Author: Minghao Xu — Andrew ID: mxu3
Model: PointNet-like classifier (custom lightweight implementation)
Training: 30 epochs, batch size 16, Adam optimizer (lr=0.001)
Best test accuracy: 0.9738 (97.38%) — checkpoint: ./checkpoints/cls/best_model.pt
The implemented PointNet-like model reaches high accuracy (~97.4%) after 30 epochs. Visual inspection of failure examples indicates common causes: silhouettes shared across classes (vase vs lamp), sparse sampling in some views, and intra-class shape variability. Improving robustness could include data augmentation (rotations, jitter), ensemble models, or stronger local-feature architectures (PointNet++ / DGCNN).
Model: PointNet-style segmentation network (shared MLP + global feature concatenation)
Training: 30 epochs, batch size 8, Adam optimizer (lr=0.001)
Overall test accuracy: 0.8830 (88.30%) — checkpoint: ./checkpoints/seg/best_model.pt
Below are 5 example objects (first two are low-accuracy failures, the other three are high-accuracy examples). For each object we show the ground-truth segmentation and the model prediction (animated GIFs). Per-object accuracy is reported under each pair.
The segmentation model achieves reasonably high overall point-wise accuracy (~88%). The two low-accuracy examples show common failure modes: heavy class imbalance across parts (small semantic parts are easily missed), and ambiguous local geometry where the model confuses adjacent part labels.
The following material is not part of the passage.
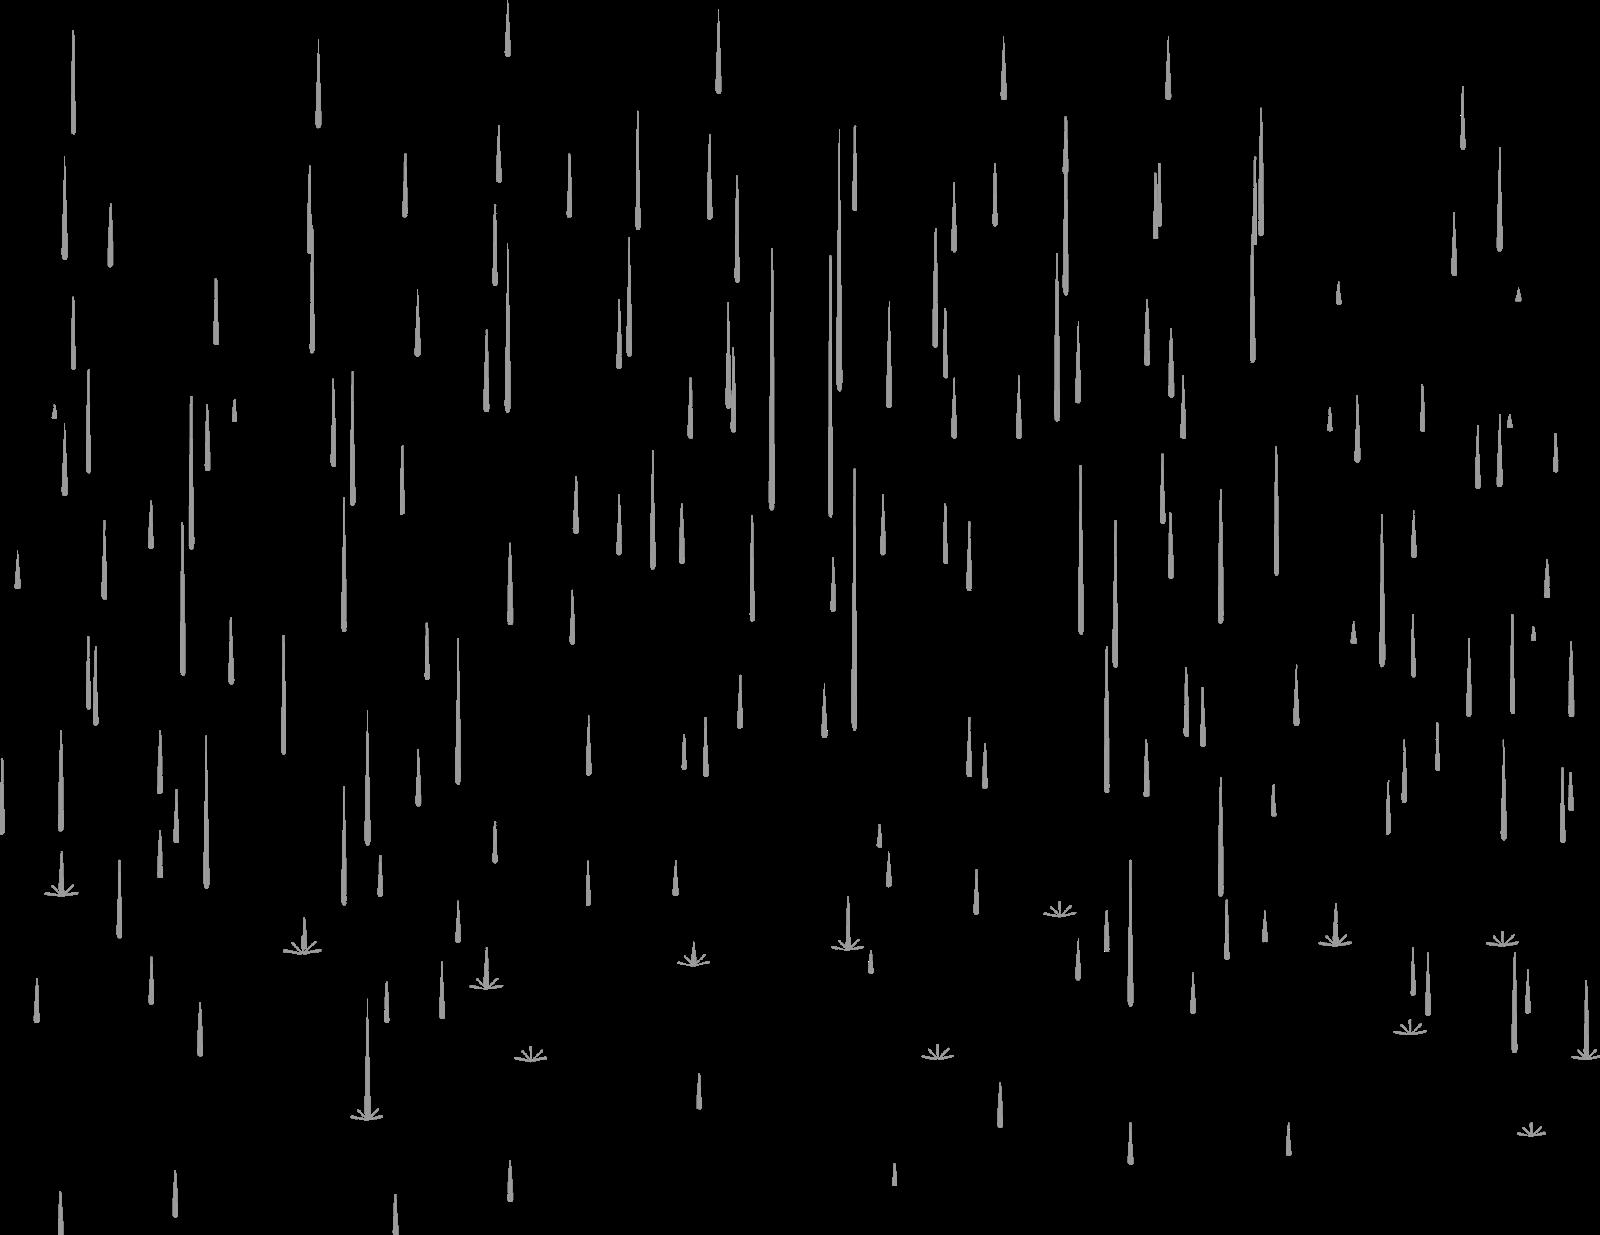 Rain PNG Image - Rain Transparent Free Download - PNG Sector | 1600 x 1235 png 85kB

The high-accuracy examples demonstrate the model's ability to correctly capture both global shape and local part boundaries in many cases.
I ran two experiments to probe robustness for both tasks: (A) Vary the number of input points; (B) Rotate point clouds around the vertical (z) axis. Below I present compact, side-by-side GIF comparisons arranged in tables so each variant is directly comparable to the original.
Procedure: for each test object we subsampled the point cloud to 10000, 2048, 1024, 512 points (seeded) and measured test accuracy. The table below shows classification & segmentation accuracy, and for segmentation we show one example object (idx=0) with ground-truth and model prediction GIFs side-by-side.
| Num Points | Classification Acc | Segmentation Acc | Seg GT (idx=0) | Seg Pred (idx=0) |
|---|---|---|---|---|
| 10000 | 0.9738 | 0.8830 |
|
|
| 2048 | 0.9685 | 0.8818 |
|
|
| 1024 | 0.9706 | 0.8791 |
|
|
| 512 | 0.9601 | 0.8719 |
|
|
Reducing point count from 10k down to a few hundred slightly degrades performance for both tasks (numbers shown above). The GIFs illustrate that small local details can be missed at lower sampling densities, while global shape cues are still often preserved.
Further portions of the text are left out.